Faire ses blancs pains, au Pays des Collines, c'est pétrir le drap du lit comme pour préparer une offrande pour l'au-delà. Ce geste annonce alors que la mort est proche et que le mourant, doucement, se prépare. En trois textes qui s'enchaînent, Françoise Lison-Leroy interroge la place prise par chacun dans sa famille, les présents comme les absents, ceux à la longue vie ou les enfants partis trop tôt. Comme cette tante de deux ans, emportée par la fièvre dans un temps où la vie des enfants était plus fragile. Au cimetière du village, sa tombe côtoie celles d'autres enfants ; un respect sacré, partagé, inné, entoure ce petit coin du cimetière. Sa présence habite les pensées et les promenades de l'auteur. évocations légères, souvenirs, bribes glanées au fil des pérégrinations, mémoire de la famille... ce qui reste de vie pour ceux qui grandissent. Précédée par cet enfant, l'auteure se sent aussi portée par celle qui lui offre alors une bienveillante attention. Elle tisse un monde où les sentiments se transmettent par delà les mots. Diane Delafontaine accompagne ce texte d'images qui, elles aussi, s'ancrent au passé comme au présent.
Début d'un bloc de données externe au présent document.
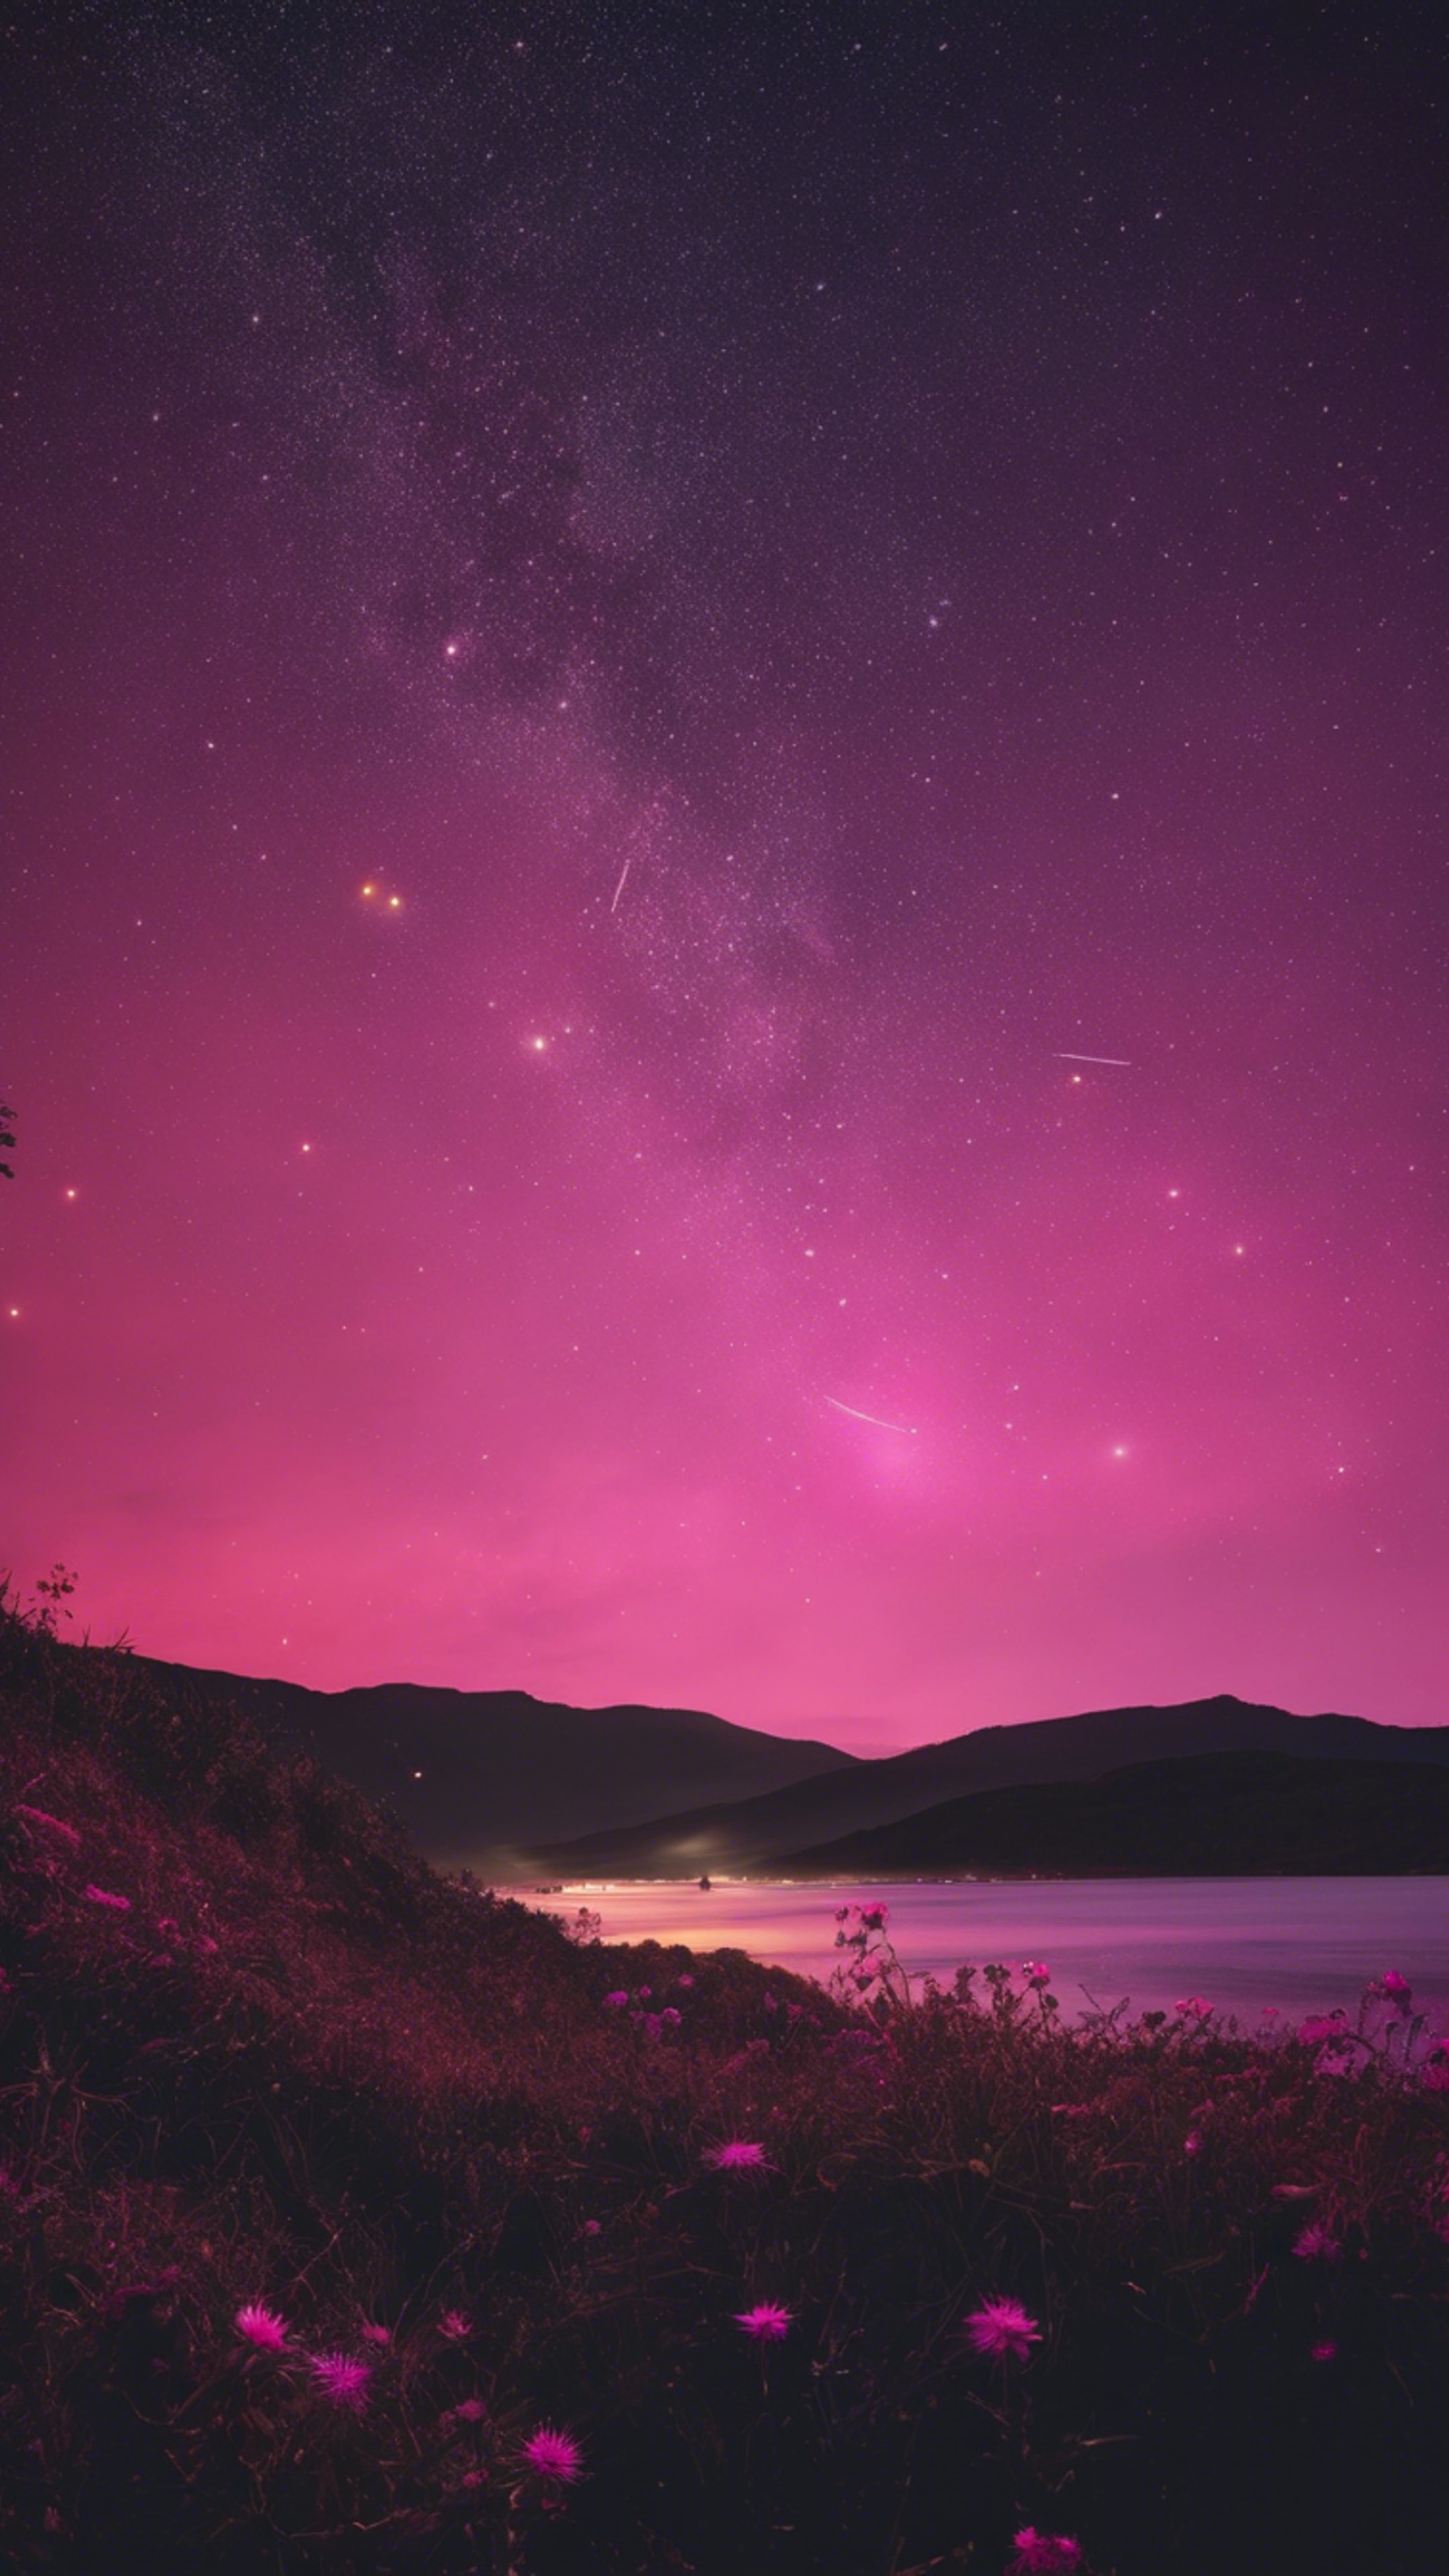 A shooting star glowing in a vibrant pink as it crosses the dark night sky. Шпалери[c8fce7a9134e4e29a83b]

Une manière de faire le lien et de donner au texte une tonalité faite de photos anciennes et de retouches à l'encre.
Trois moments pour dérouler le temps et arpenter la mémoire : une femme nous emmène dans la maison d'une grand-mère, vers les sentiers au fond du jardin et là où tout se trouble. La marche et l'errance urbaine y réveillent le souvenir et dessinent un nouveau territoire à parcourir. Texte de passage, de prise de conscience, de renoncement à un temps idéal qui passe par le deuil ? pas seulement des proches, mais d'une idée du monde, d'une liberté de rêver. Une écriture puissante, à vif, qui nous entraîne là où le quotidien devient poésie, là où le souvenir tisse sa trame.